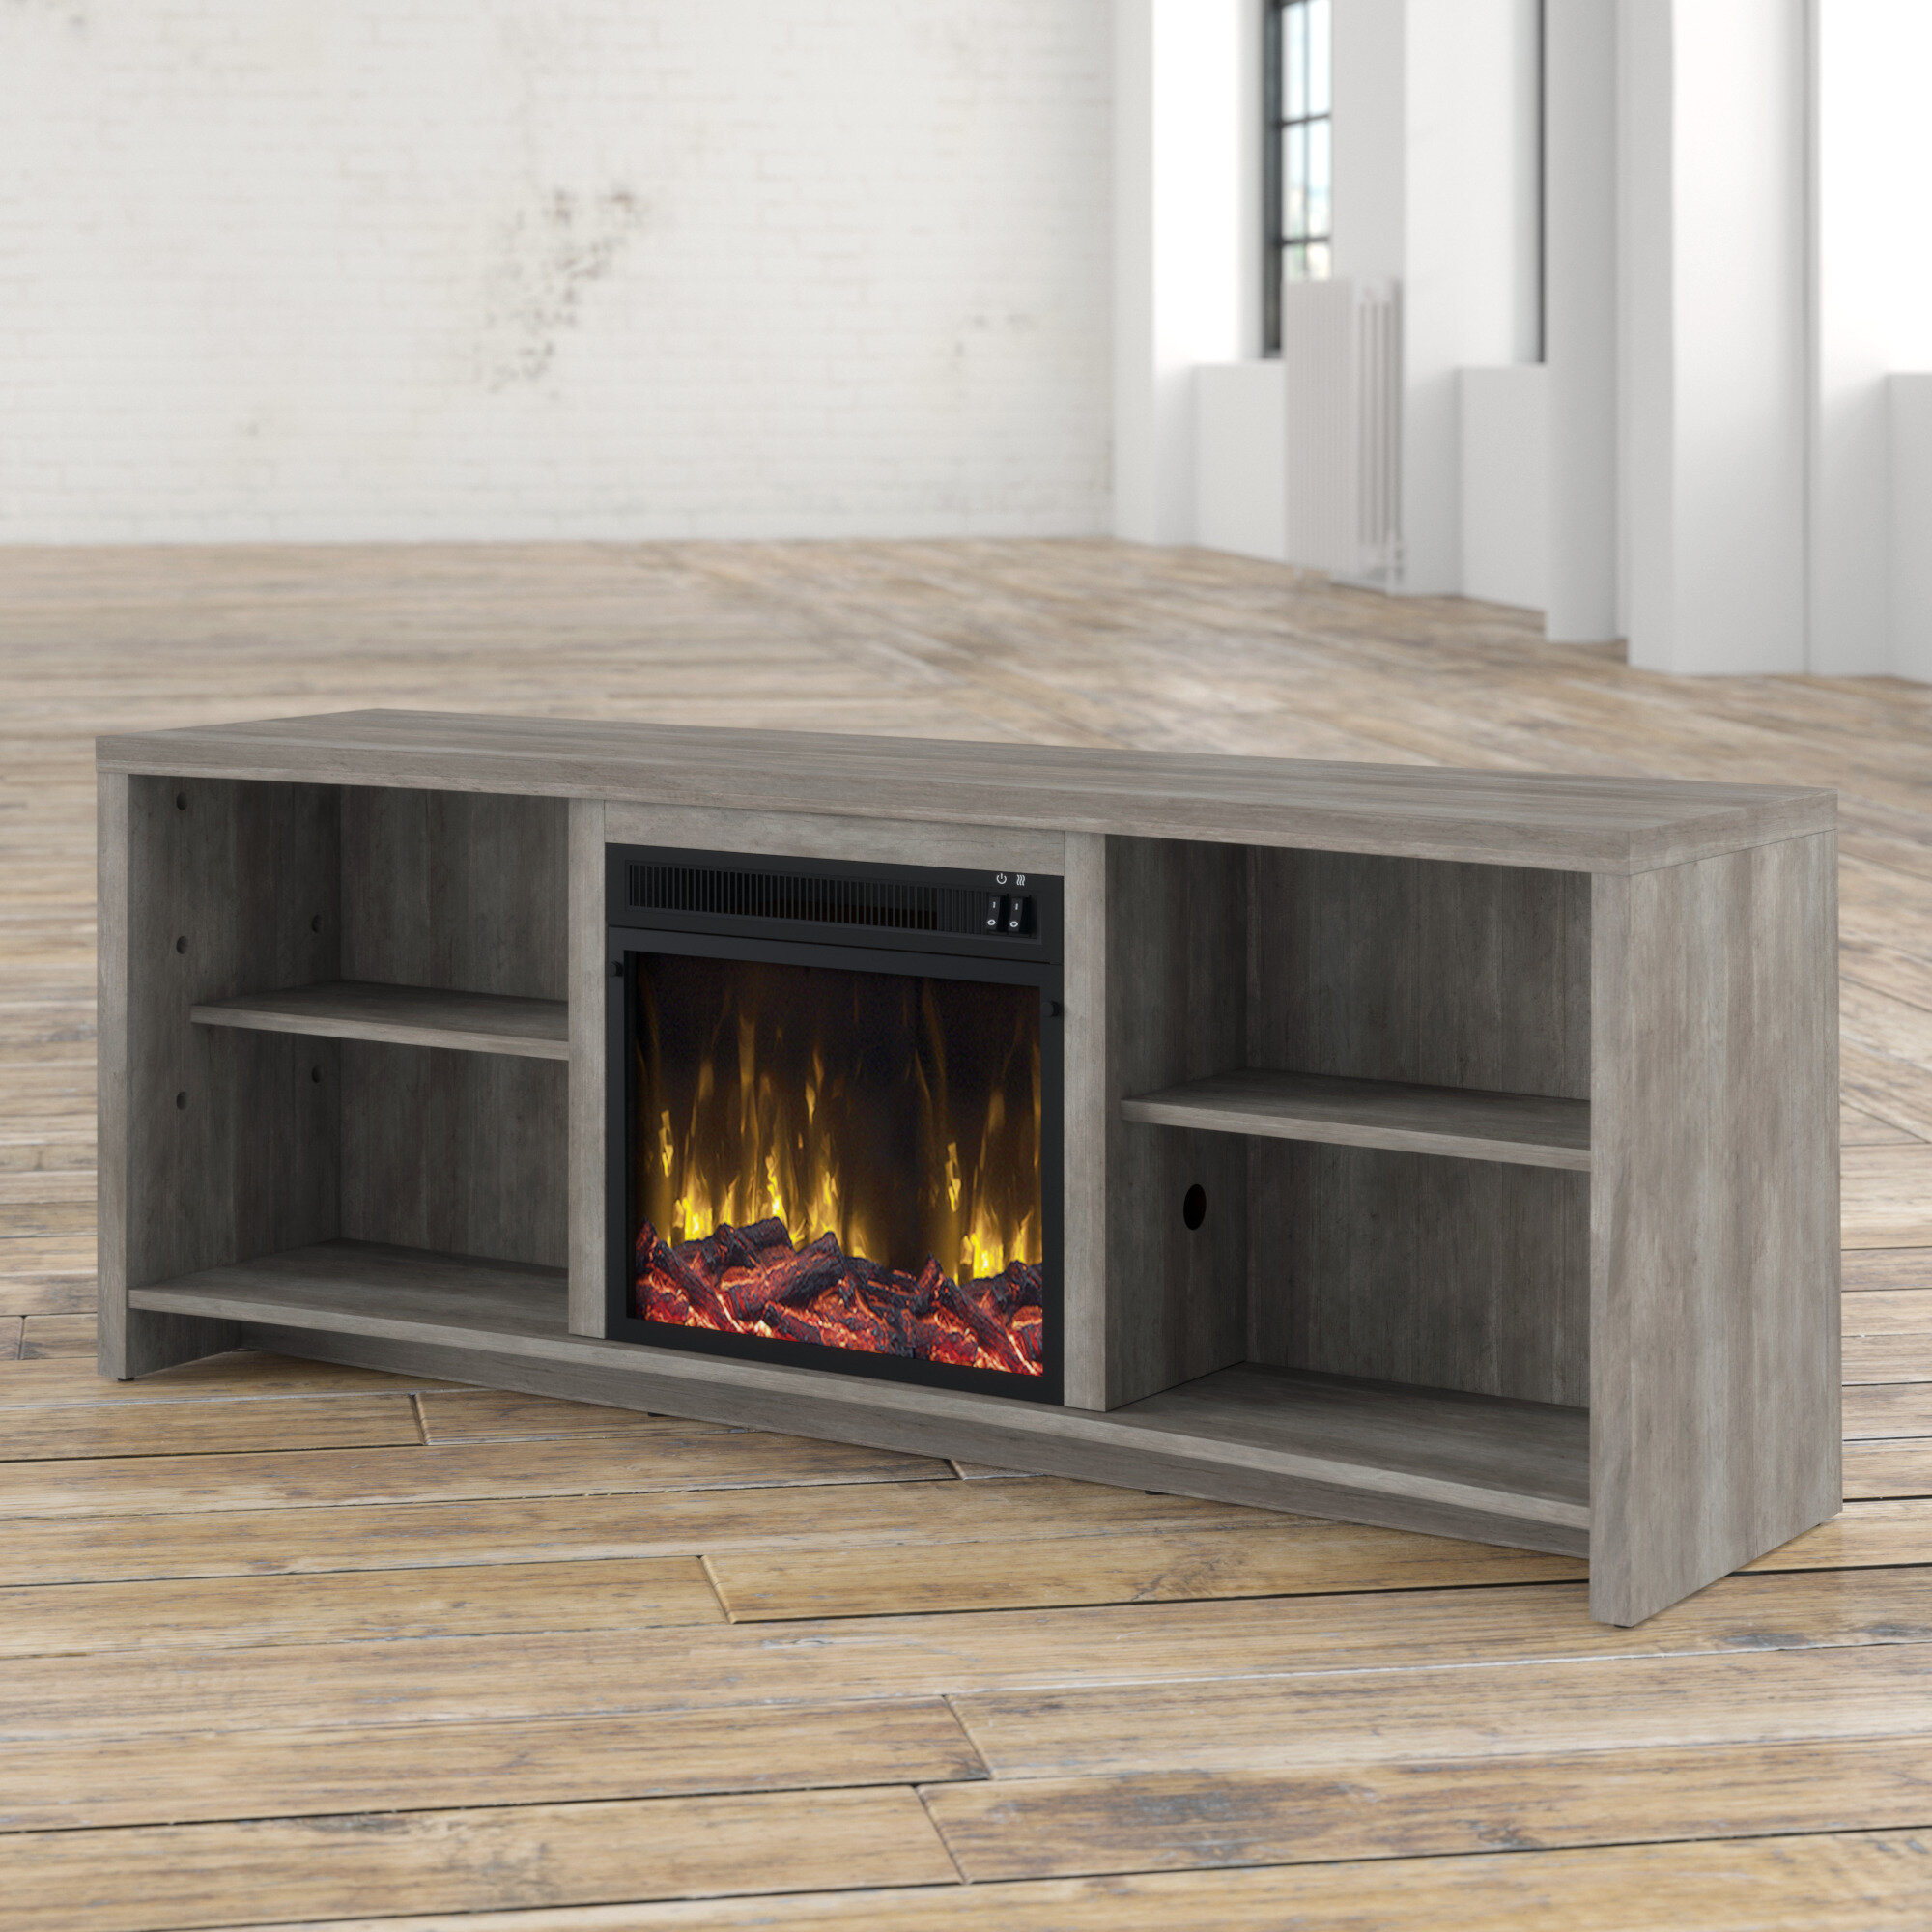 Pelton TV Stand for TVs up to 78" with Electric Fireplace Included
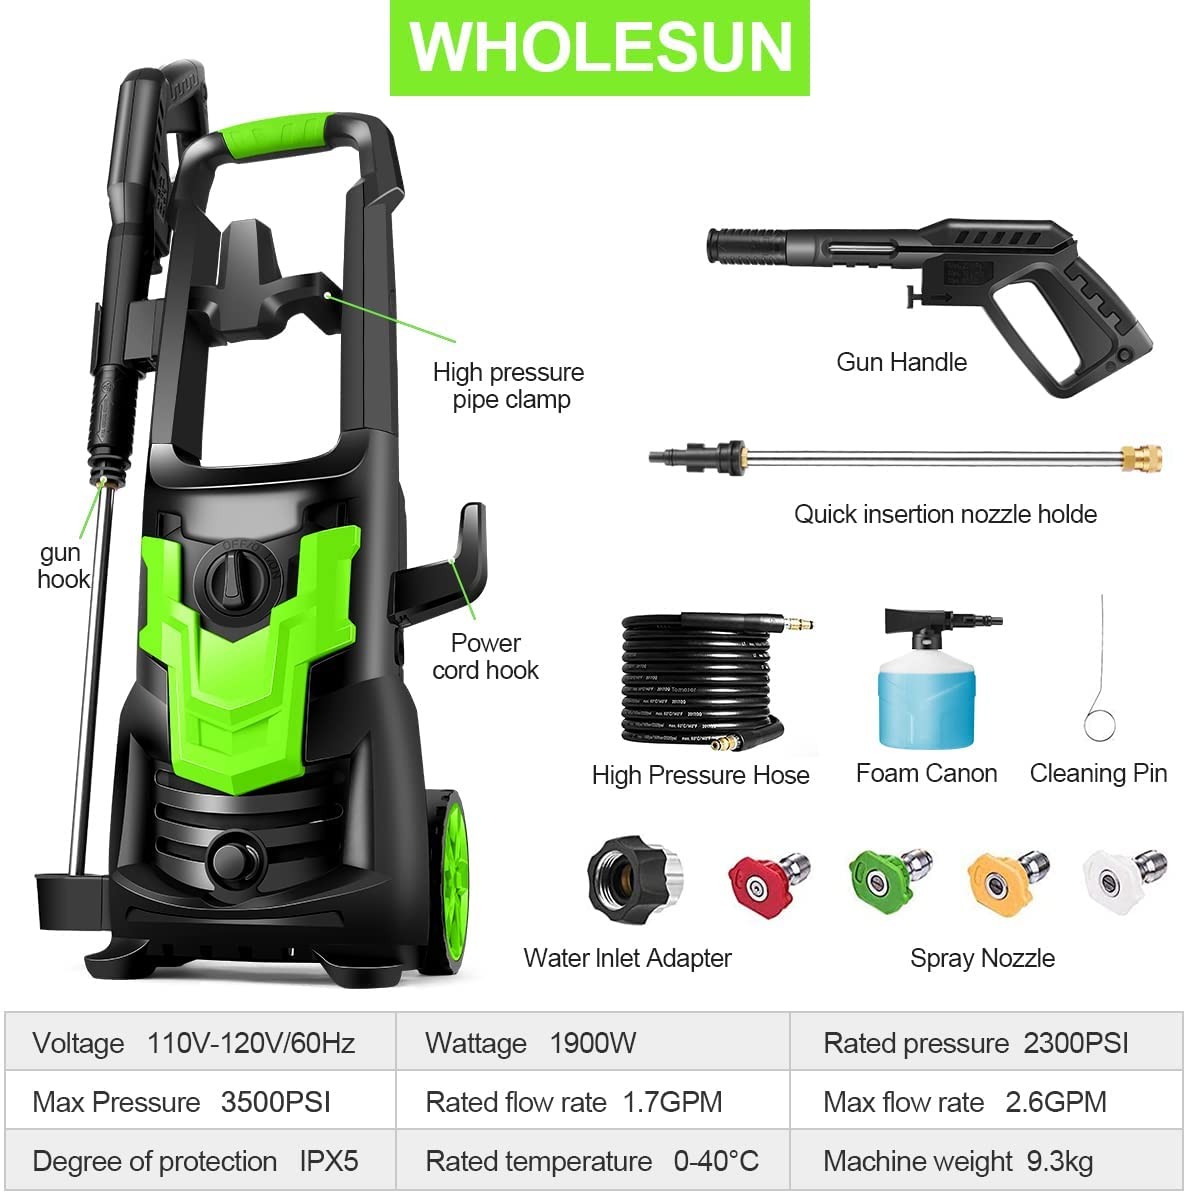 High Pressure Cleaner Machine with 4 Nozzles Foam Cannon,Best for Cleaning
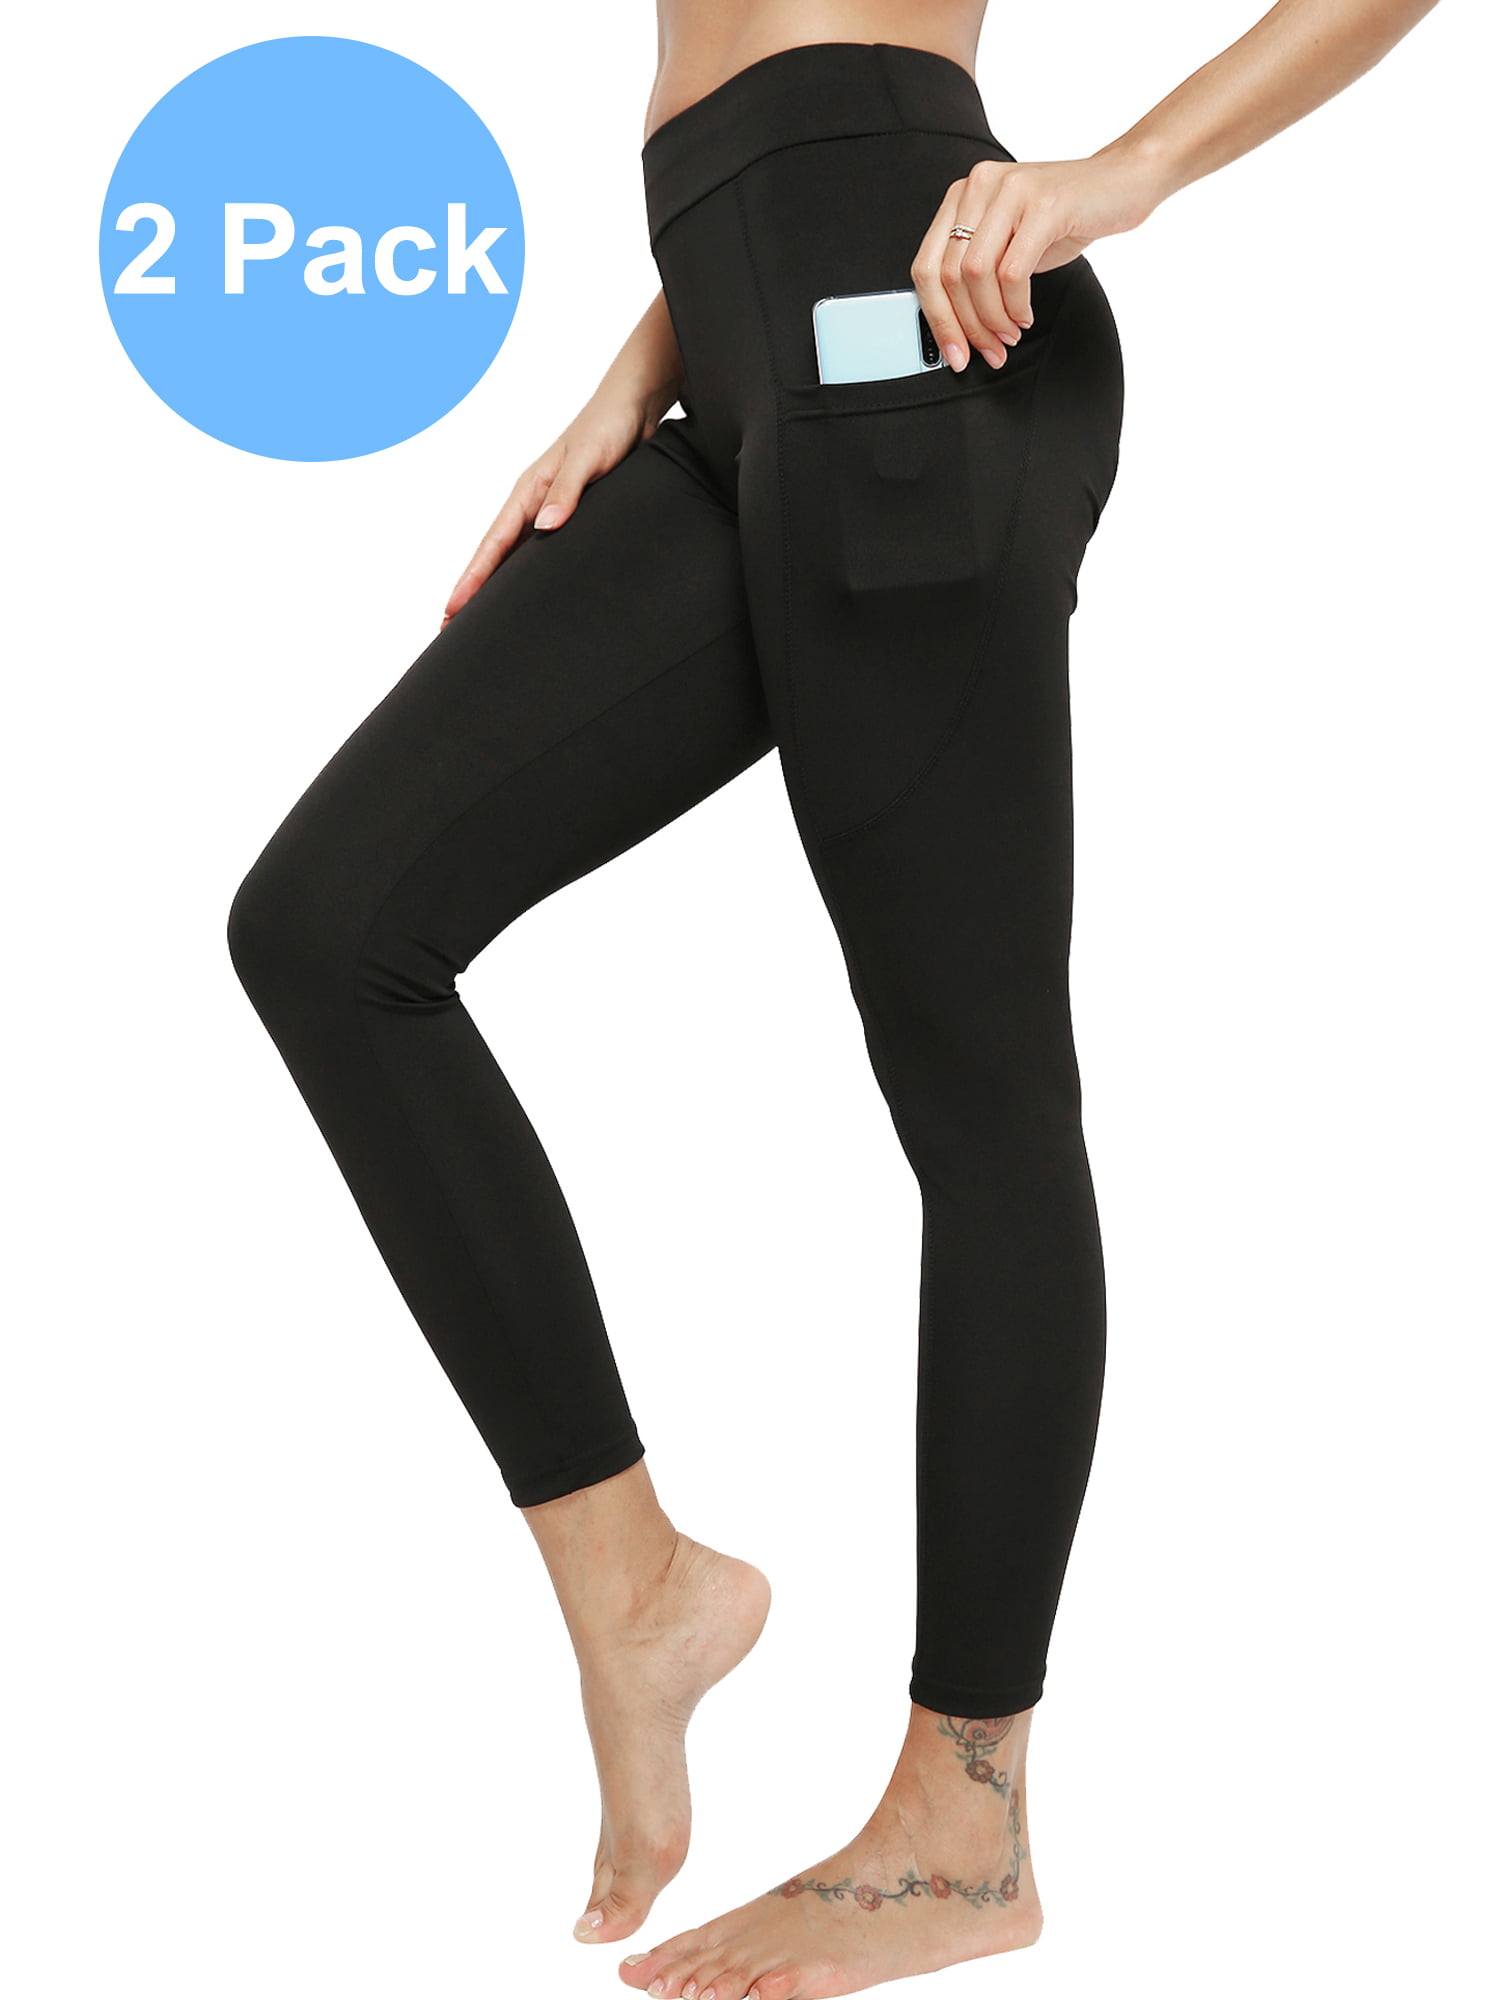 High Waist Yoga Pants with Pockets Workout Pants for Women 4 Way Stretch Running Yoga Leggings for Women

_YOUR TASK_
Transcribe the data completely. No pictures should appear in the transcription.

_SOLUTION FOR THIS TASK_
 Pelton TV Stand for TVs up to 78" with Electric Fireplace Included
 High Pressure Cleaner Machine with 4 Nozzles Foam Cannon,Best for Cleaning
 High Waist Yoga Pants with Pockets Workout Pants for Women 4 Way Stretch Running Yoga Leggings for Women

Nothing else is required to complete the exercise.